She first ambushed me with a scrapbooking/camera supply store, where I stocked up on cheap supplies and some gifts for the girls back home. Then we drove downtown, got out of the car, and I was introduced to some of the most original boutique-style merchandise I have ever seen. I tried on dresses and shirts, bought some antique decorations for home, and I learned very quickly where Kelly had developed her shoe fetish. The owner of Good 2 Go Shoes knew her by name, and this place was AWESOME.
I bought the second two pairs, and only didn't buy the others because they weren't in my size. I haven't looked back since!

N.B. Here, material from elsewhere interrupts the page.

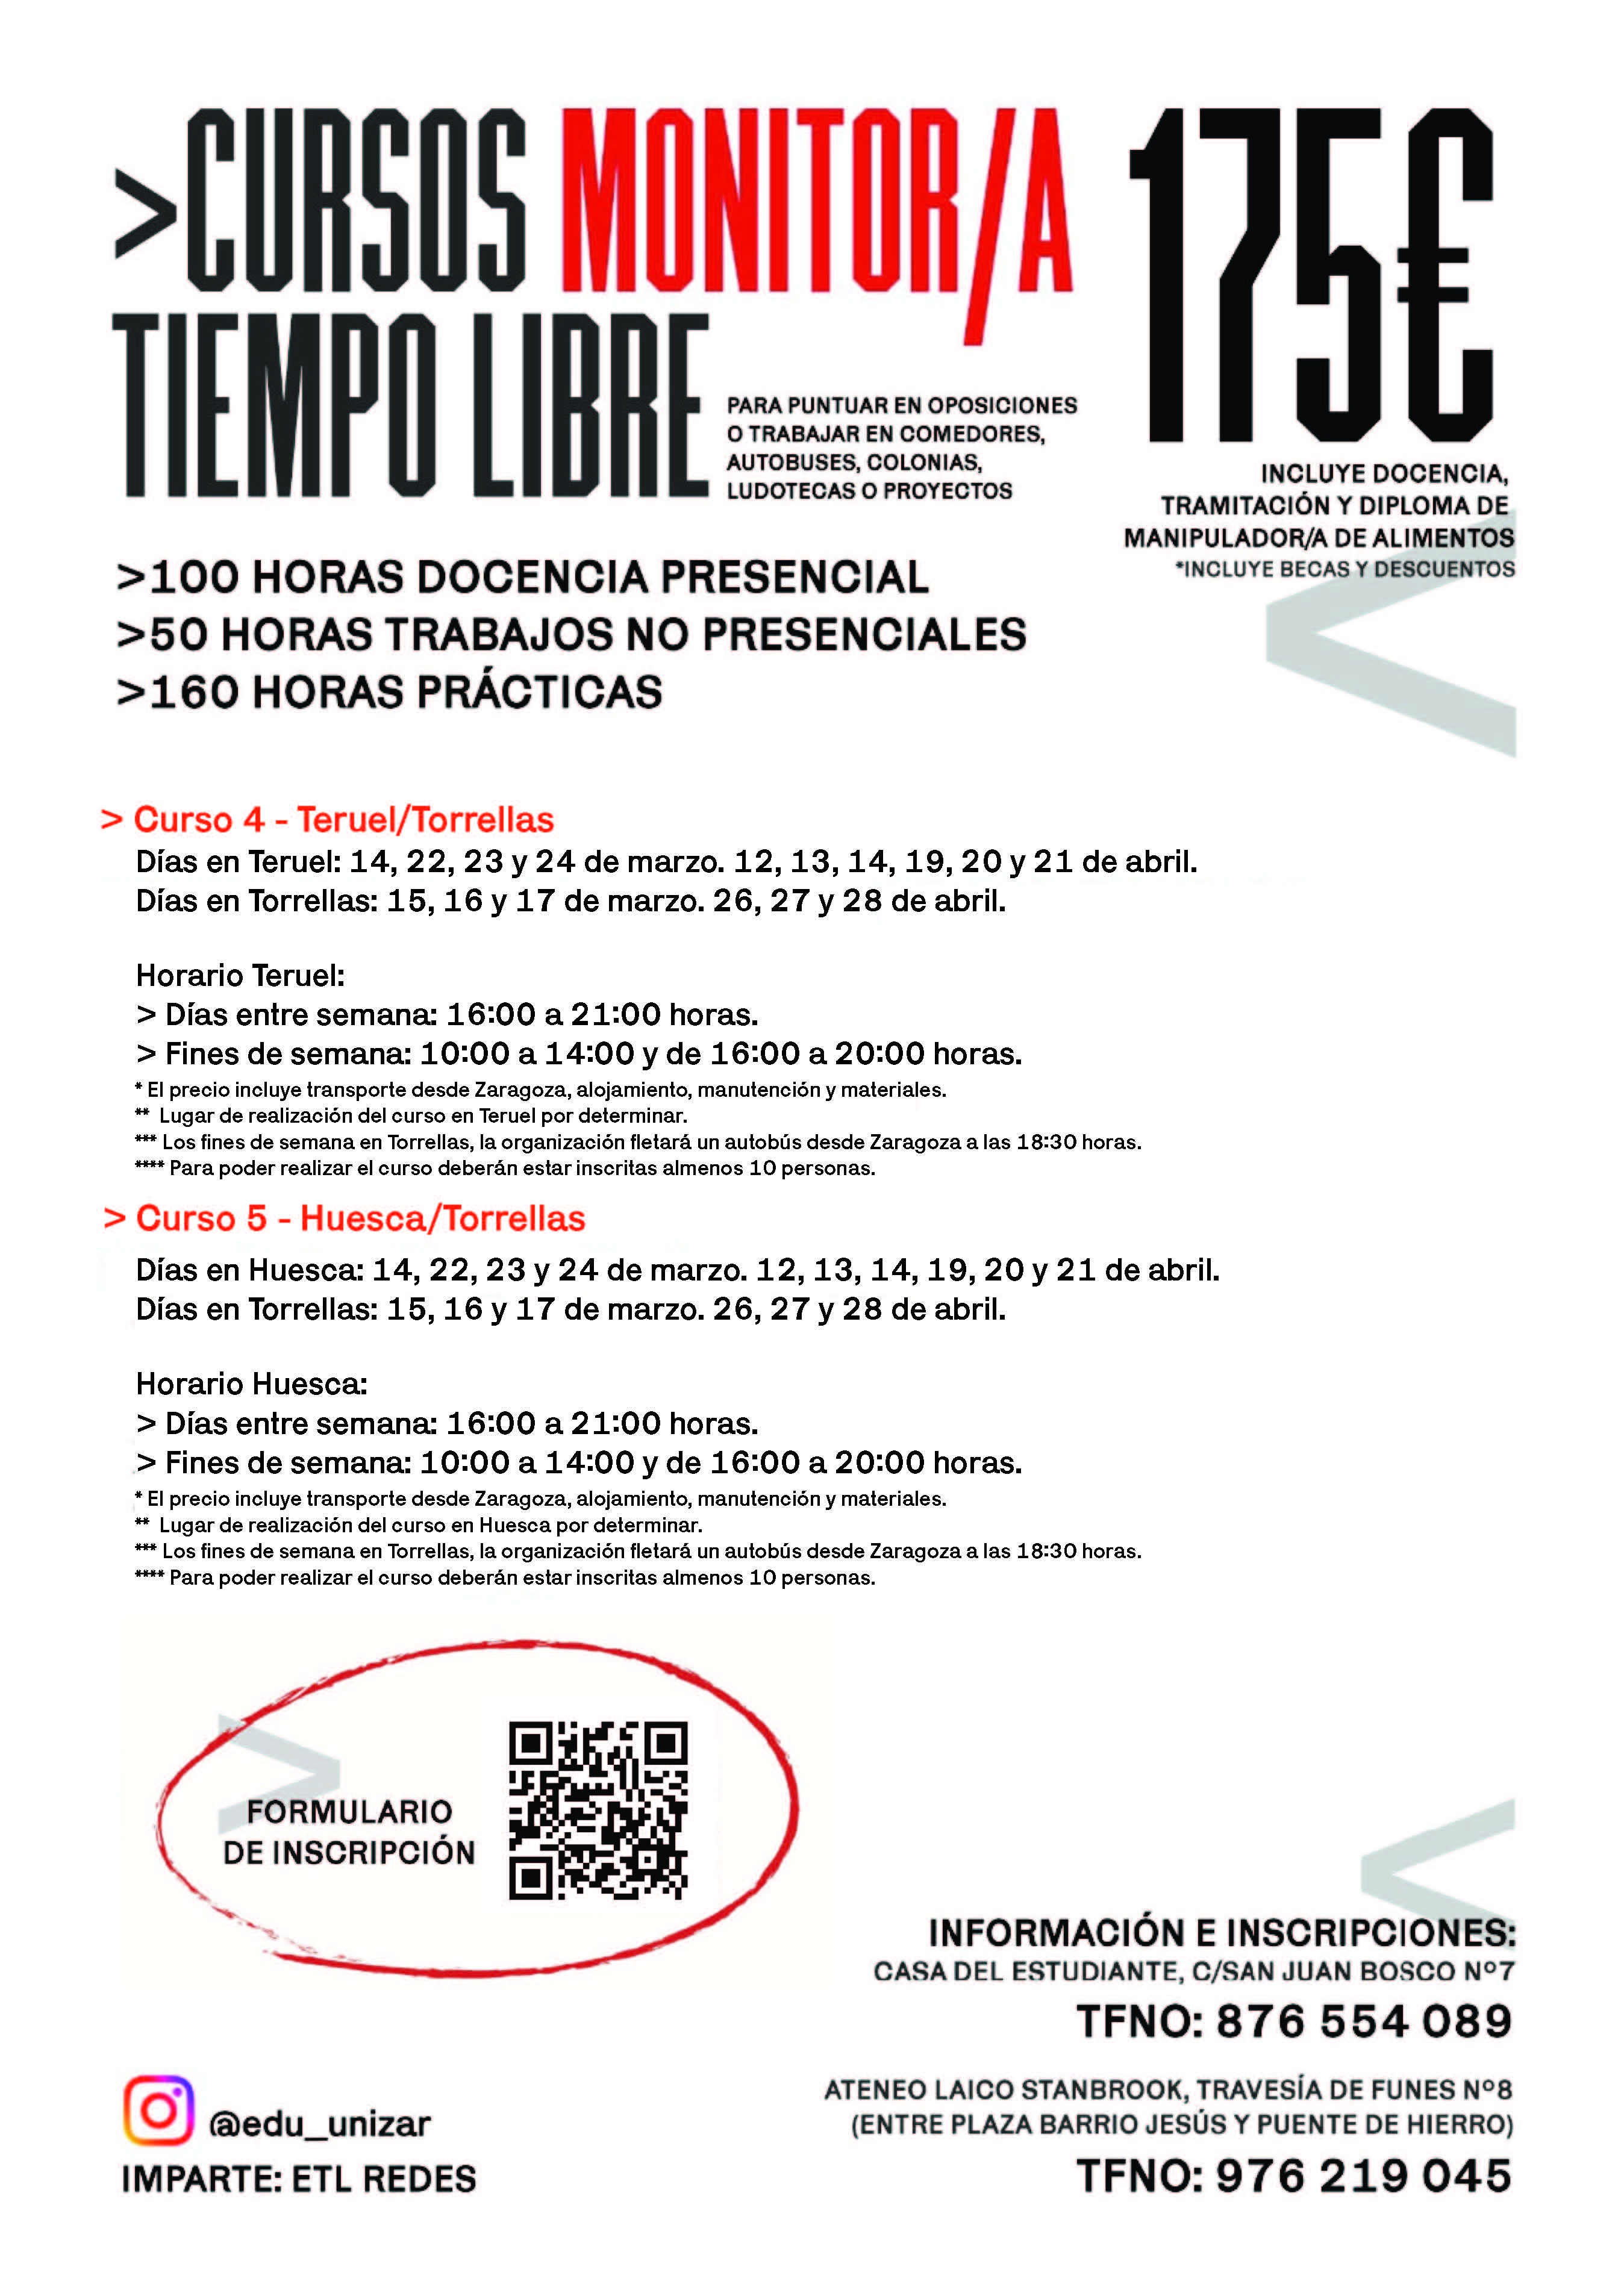 Curso de Monitor/a de Tiempo Libre en Huesca/Torrellas

Kelly had also bought us tickets to the RCMP Musical Ride, which happened to be in town nearby. Currently serving RCMP officers don their iconic dress uniforms and put on a display that includes 36 magnificent well-trained horses, and an opening show with Glen Stewart, known in the Peace River Region as the "horse whisperer."
On my last day in town, I found myself at a farm owned by a friend of Kelly's. There were chickens and kittens and a donkey that seemed to have a thing for me, but I found myself most mesmerized by the stunning horses...

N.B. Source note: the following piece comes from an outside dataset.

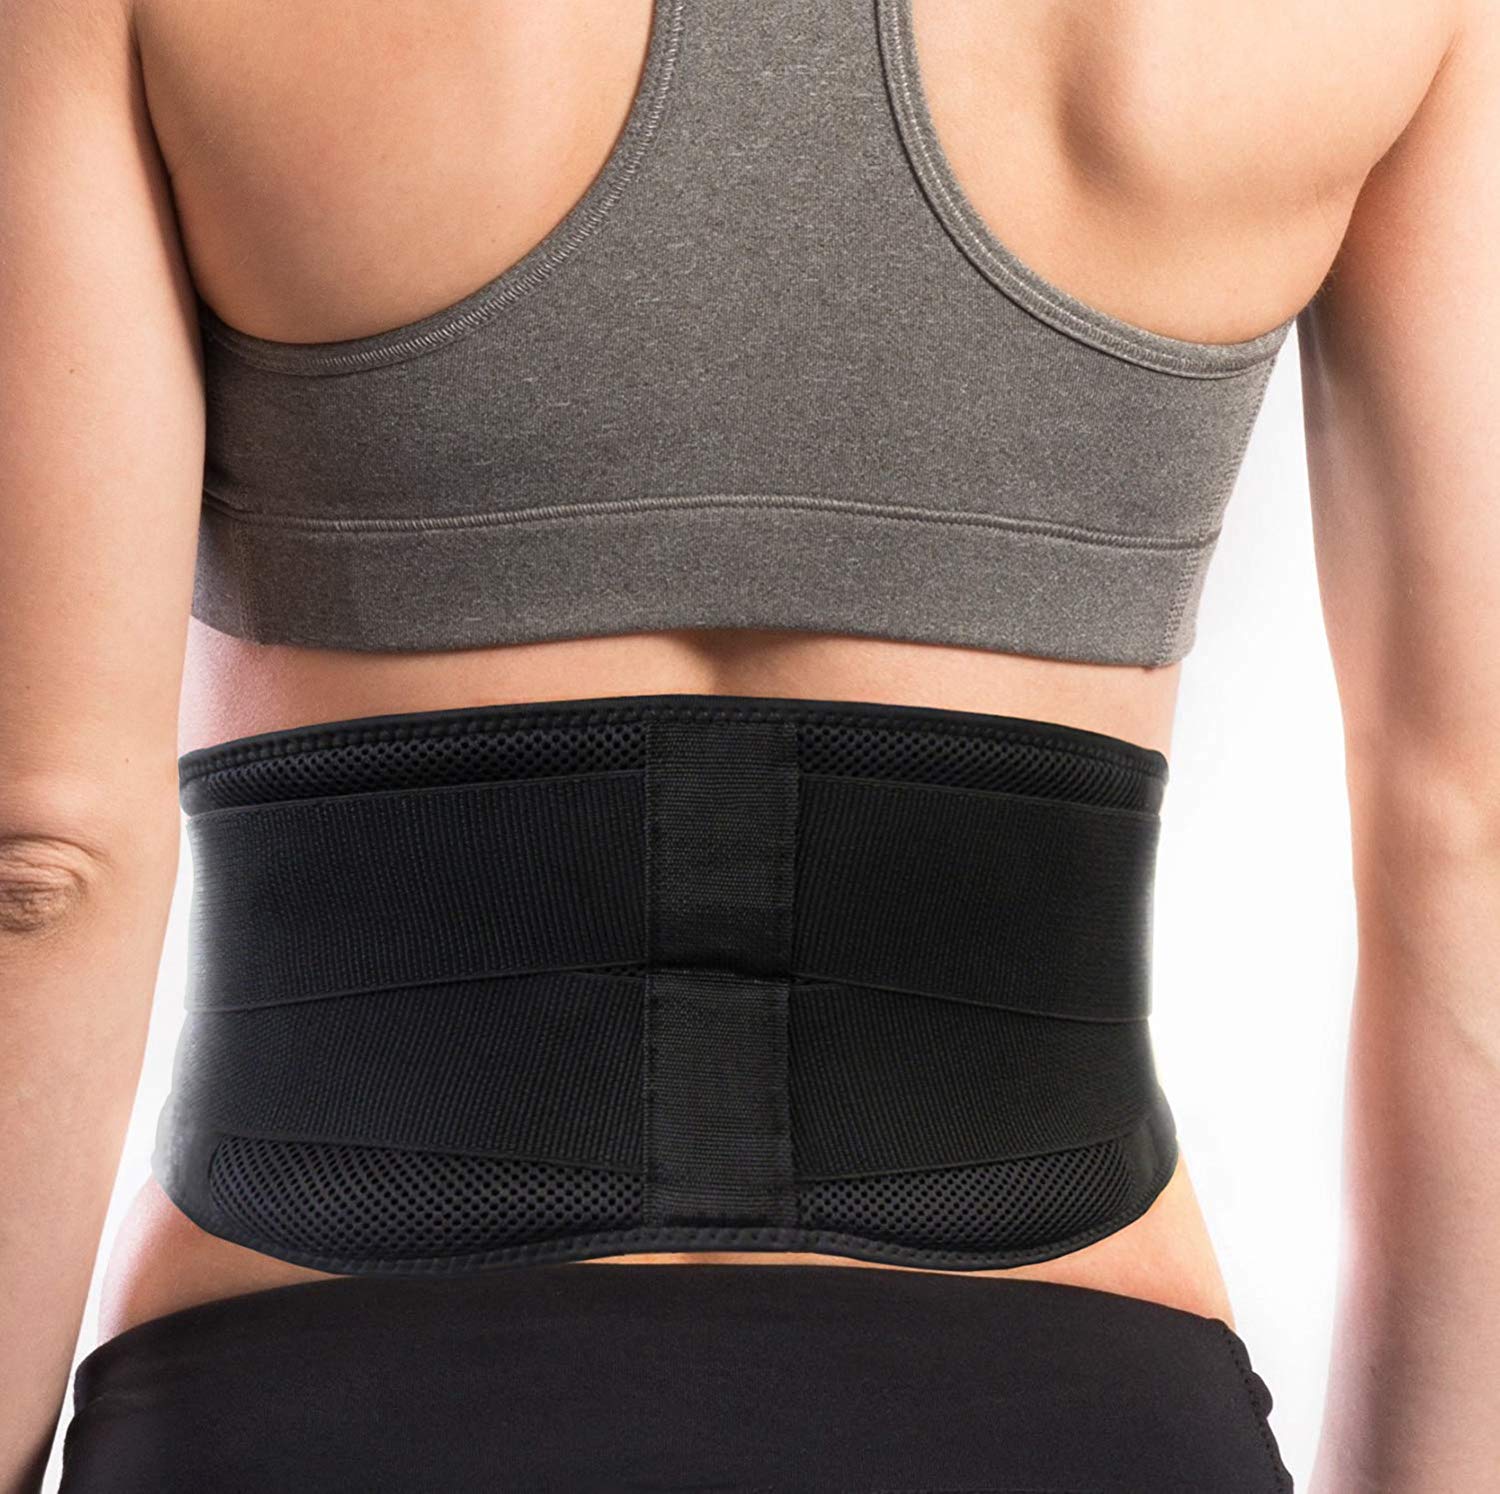 Best Lower Back Support Belt for Men & Women: Lumbar Support Self

...and the adorable goats!
Later in the afternoon, we packed up Colby again (he was thrilled):
and headed out for one last photographic opportunity just on the edge of town. Can we get to the river? Let's see...
Nope! All fenced in.
But there is this field for the dog to run in!
And back the way we came, there's a spectacular look-off, dotted with warning signs about staying away from the edge of the cliff, and sad monuments to what might happen if you don't.
I fell in love with British Columbia while I was there. I've never experienced such a feeling of 'home' in a place I've never been before. It was awesome to meet my nephew and to spend time with my brother and sister-in-law for the first time in years. Fort St. John itself is a little far north for my sun-worshiping self, but this trip definitely spurred me onto the idea that I was born on the wrong side of the continent.